Hopefully if there’s anything people take away from the movie, it’s to reflect back on that point when you had every opportunity and you were at the emotional launch of your relationship career. Where you can see that youthful enthusiasm without the burdens and the pressures of responsibility and financial frustrations and emotional disconnects.
There are some great moments in that courtship.
It’s also the fact that we don’t see them meet. We don’t see the typical—oh, who are you? Come around the corner, run into each other, and the books go flying everywhere. It’s just about the simple, little, “I’ve got a pencil, here.” A little awkward, but… pretty realistic, I hope. I was just trying to capture those moments of anxiety that you have when you can’t stop smiling when you see somebody.
That dialogue is very David Gordon Green. Is that stuff in the book?
[Laughs.] No, no. That’s about the only thing I’ll take credit for. When she says, “I like your shoes,” and he says, “What’s wrong with them?” That’s taken from my life.
What shoes were you wearing at the time?
They were snakeskin shoes with taps on them.
The relationship between Annie and Glenn is really quite heavy, for a film that’s also about young love.
It’s got “layers of emotional gravity.” [Laughs.]
Did you look at any other films with similar themes?
What’s that Alan Parker movie with Diane Keaton and Albert Finney? Shoot the Moon. I didn’t watch it again, because I couldn’t find it. But I did think about the emotions in it. I was thinking about a movie that has those imperfections and focuses on the imperfections in people. You hope to set up these happy accidents, so that it doesn’t feel so preconceived. So it’s got some clunky transitions in it, Snow Angels. It’s more about spending time exploring these characters’ emotions. Then you cut to the next one. Sometimes we’d cut in the middle of, like, a word. I think it’s an interesting way to avoid the fact that you didn’t think about your transitions.

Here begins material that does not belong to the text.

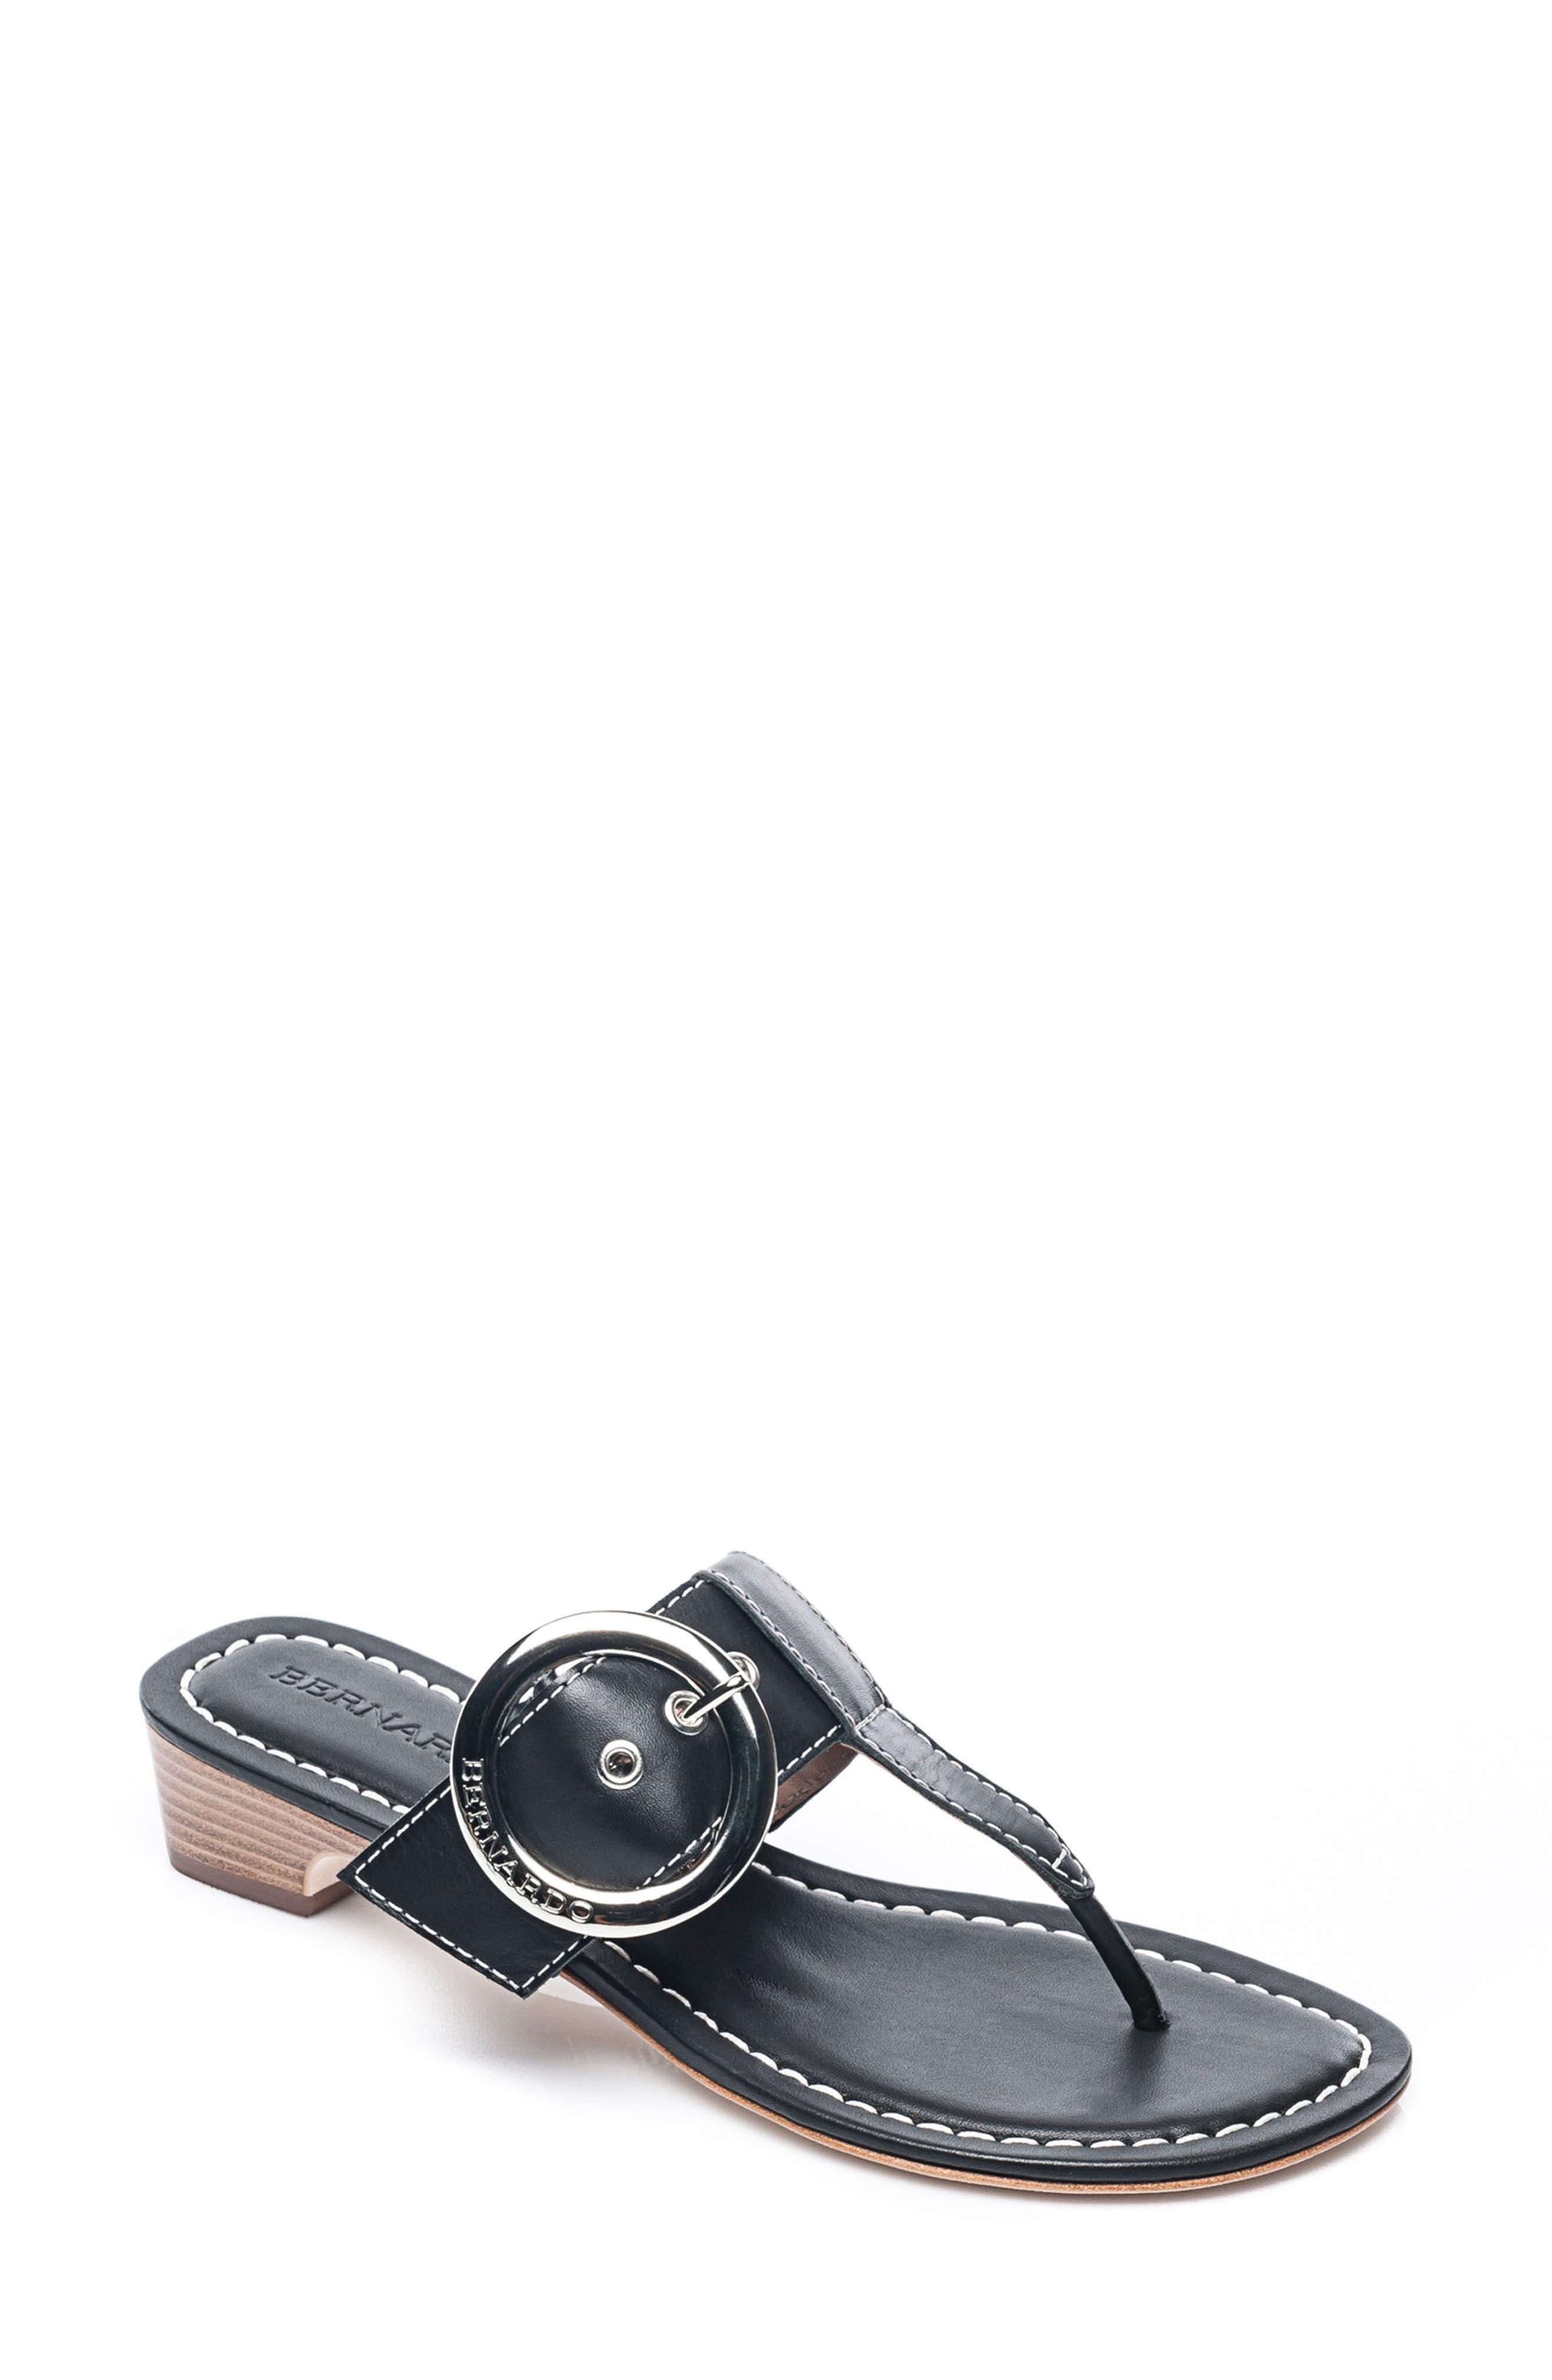 Bernardo Grace Sandal,                         Main,                         color, Black Leather

So you’re saying the clunky transitions are intentional?
Kind of. You know, I have this thing we’re I’m afraid of not being naive. If I’m shooting, I hate to think about the editing of it. And it’s hard once you’ve—I’ve done five movies now—it’s hard to not do that. It’s hard not to bring the baggage of experience to the table. But there’s no greater freedom than if you can just truly appreciate the production process for being a production process, and not think of the post-production process.
It’s more like a documentary. You’re creating the film in the editing room.
If we’re in a scene, and I have to think about where I’m going to cut, that’s boring. It’s annoying. But it’s hard not to, sometimes. I try to decompose all of my half-ass wisdom, and just strip it down, so that each process is its own true process. I just wish I could keep making first films. I wish I could approach every project as if it was the first thing I’d ever made. With that hunger and enthusiasm and lack of knowledge.
Not to psychoanalyze you or anything, but do you think that’s because George Washington was so successful?
[Laughs.] I guarantee you that not one person in this hotel, besides you and me, has ever heard of George Washington. The way I look at it, my lack of success has been the true blessing of my career so far. Hopefully that will change—I’ve always wanted that to change—but to not have to deal with the burden of expectation has been great. Ultimately, I make movies that it may take audiences a while to find out about, but then [my movies] find open arms. They find people who really relate to them, and hopefully with a movie like Snow Angels, it’s universal enough in its themes that people can appreciate the fact that I’m asking them to engage in an emotional experience with an audience. I really want people to see this movie in a theater, because I think Snow Angels is about the exercise of feeling things in front of people.